The American grower Proven Winners tests plants from sixty breeders around the world.  The company trials them and if they are worthwhile, the new plants become part of the palate for the American gardener.

The company introduces fifty new plants out of thousands that it tests every year.

Exotics were important to the nineteenth century English garden as much as they are to American gardens today.

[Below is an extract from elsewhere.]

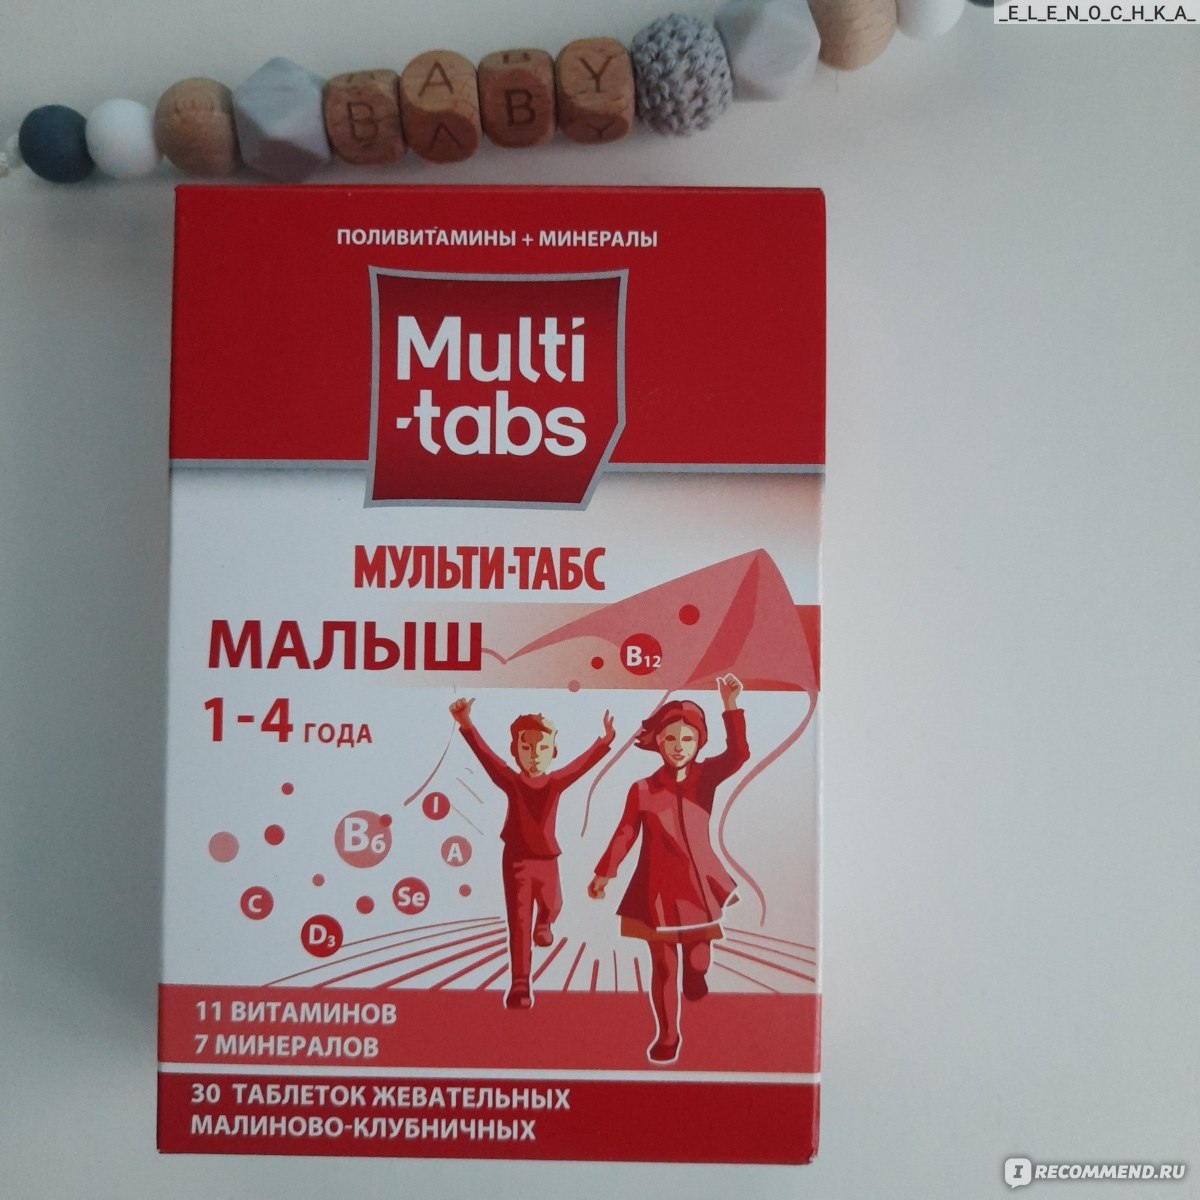 Витамины Multi-tabs Мульти-табс малыш 1 - 4 года - «Как в 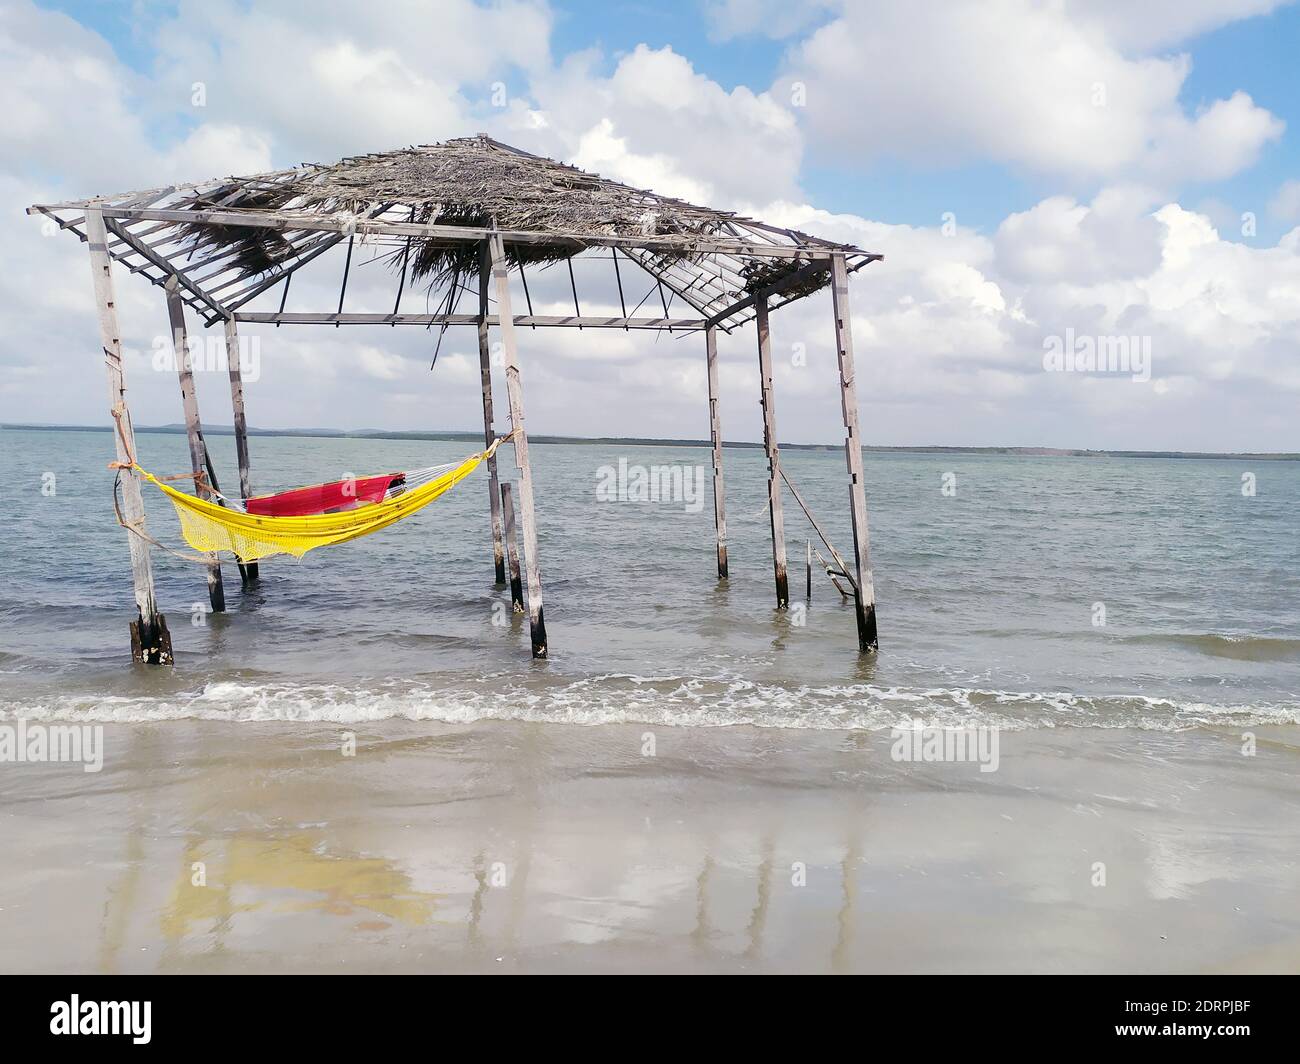 Tente rustique et ancienne avec hamac à l'intérieur de la plage. Plage déserte de Mangue Seco; Jandaira; Bahia; Brésil Banque D'Images

English garden writer William Robinson (1838-1935) encouraged gardeners to cultivate exotics in the garden.

Euphorbia 'diamond frost' from Proven Winners is a popular plant for containers.In his book The English Garden Edward Hyams wrote: “It was always implicit in the ideas of William Robinson that exotics would not only be introduced into the English landscape garden and woodland garden, but that they should become altogether at home there, even to the extent of naturalizing.”

Today as we garden, exotics can continue to play a role in the garden.  Plants from outside the US have always found a home in our gardens.

In Germany Gary Grueber bred the popular Euphorbia ‘Diamond Frost’ [above], first introduced in 2004. The flowers resemble ‘Baby’s Breath’.  Proven Winners soon after sold it to American gardeners.  Since then it has won over twenty-three awards.

Exotics, or plants from outside the US, continue to be important today.

American gardening reflects Robinson’s words of advice.